OSE is involved in a new data science initiative in Multi-Scale Coastal Systems Dynamics & Informatics in collaboration with the Georgia Tech Institute for Data Science and Engineering (http://ideas.gatech.edu). The goal is to combine large data streams, from both coastal ocean observing networks (e.g. SECCORA) and coastal ocean models, with approaches from statistics, machine learning and data mining to diagnose robust Earth processes, and detect anomalies across the physical, biological, chemical and human dimensions of Coastal Ocean Systems.
Coastal Structures and Hazards
Many densely populated coastal areas around the world are low lying and susceptible to relative sea level rise (SLR) associated with climate change, land level subsidence or tectonic subsidence. Coastal defense structures have been constructed as barriers to certain storm surge, storm wave or tsunami heights. Typically even without SLR the design criteria change over time as hazards get reanalyzed or remodeled. The decrease in risk reduction due to relative SLR and the performance of existing defense barriers under loading conditions beyond the design need to be determined. Potential upgrades or adaption of existing coastal defense barriers subject to SLR need to be proposed and evaluated.
Dr. Herman Fritz talks about Tsunami on CNN
The ECOGIG Project
Georgia Tech has partnered with 15 research institutions in the ECOGIG consortium lead by University of Georgia. ECOGIG brings together physical oceanographers, marine biologists, and biogeochemists in an effort to understand the fate and impacts of oil and gas on deepwater ecosystems in the Gulf of Mexico, and to chart the long-term effects and mechanisms of ecosystem recovery.
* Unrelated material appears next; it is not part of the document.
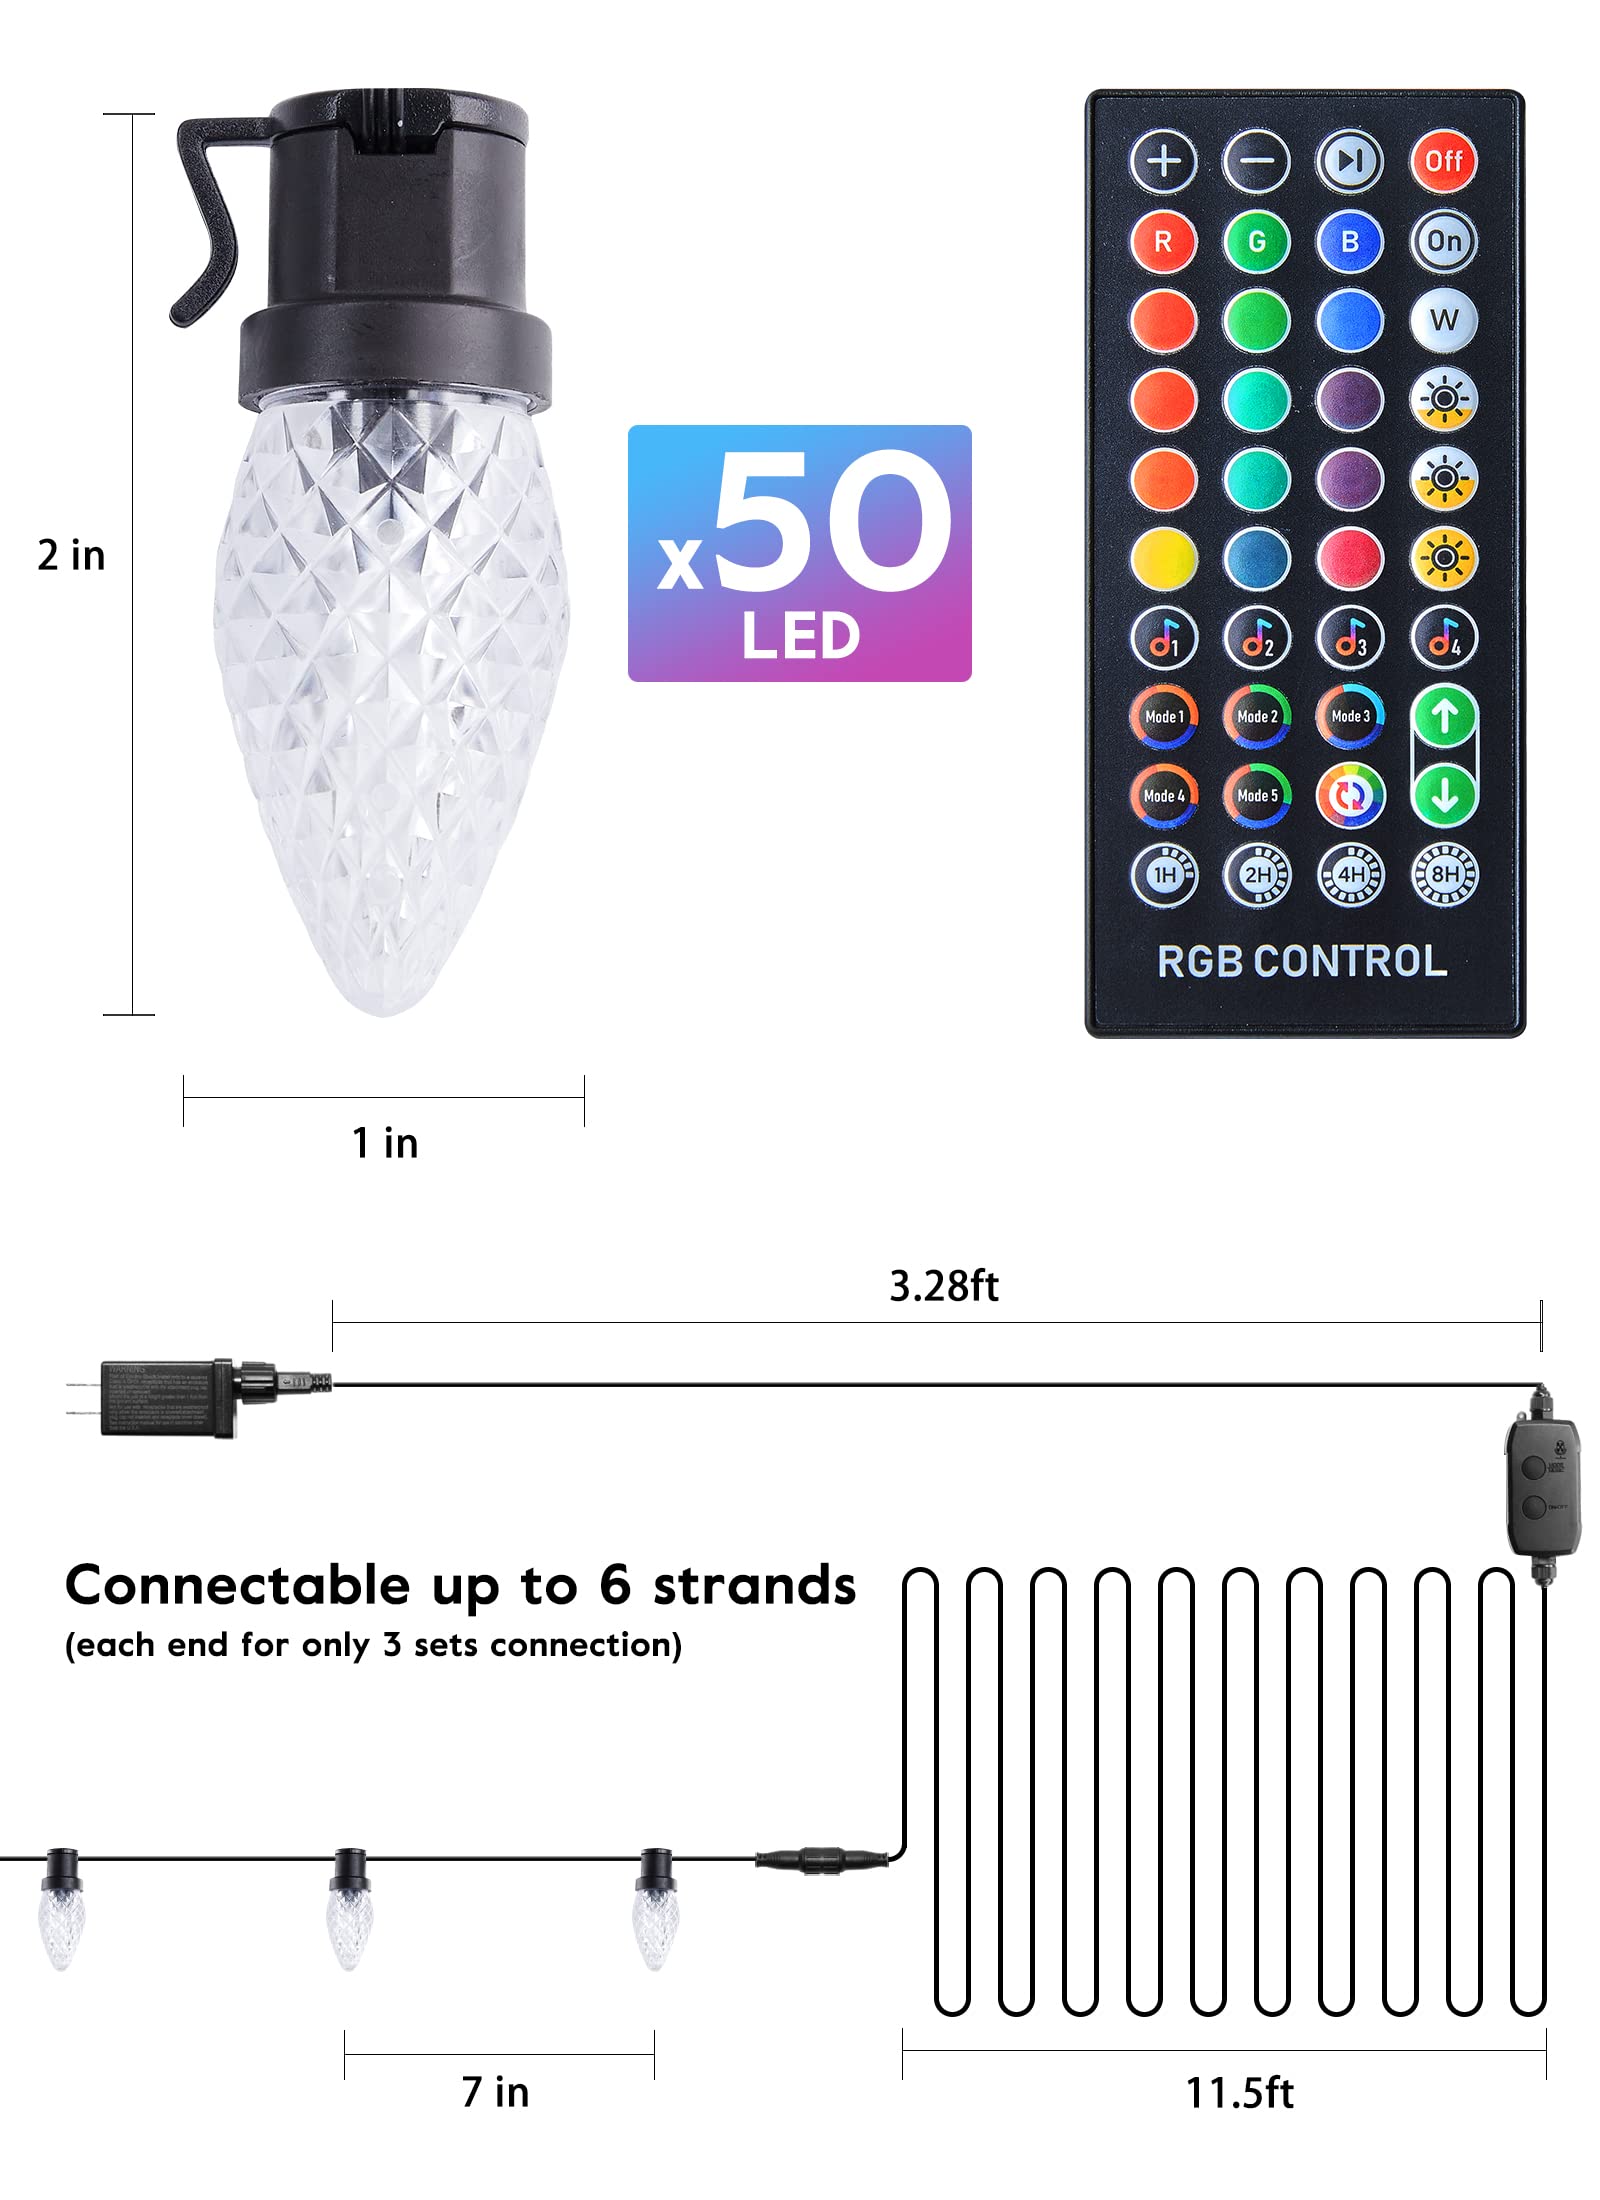 33 Feet / 50 LED / RGB

Coastal Ocean Acidification
CO2 emission will continue increasing, as fossil fuels will most likely remain the major source of energy in next few decades. The oceans uptake atmospheric carbon, partially compensating the CO2 increase, but in turn they become more acidic. The rate of ocean acidification (OA) today is faster than at any time in the past 300 million years. Pumping CO2 into the deep ocean has also been proposed as a viable way to decrease emissions (carbon sequestration). Several groups at Georgia Tech explore the dynamics and impact of ocean acidification through modeling, laboratory and field experiments.
Coastal Dead zones
Along with fast growing levels of CO2 in the atmosphere and ocean, increasing loads of nutrients like nitrogen and phosphate in coastal areas are leading to higher rates of new production of organic material (e.g. algal blooms). When this material is decomposed, oxygen in the water column is utilized and in some cases depleted below critical levels for the healthy survival of marine organisms (hypoxia). These hypoxic conditions can some time be extreme and lead to complete anoxia, causing the formation of the so-called coastal dead zones. It is estimated that about 10% of the world ocean has low oxygen levels in the so called oxygen minimum zones (OMZ). Scientists at Georgia Tech use earth system models to understand the dynamics controlling the changes in oceanic OMZ. These models simulate the interaction between the ocean, atmosphere, land and the cryosphere.
Sustainable Planning and Development of Coasts
Creating sustainable and resilient cities requires understanding the network properties of food, energy, water and other infrastructure. At Georgia Tech several groups are working towards new methodologies to understand and quantify the resilience and sustainability of coastal areas such as the location-independent scalable framework for Community based Sustainable Coastal Area Resilience Planning (C-SCARP), and the Ecological Network Analysis (ENA) tool. These methods help managers to take into account the environmental, ecological and social dimensions of coastal systems in their development plannings.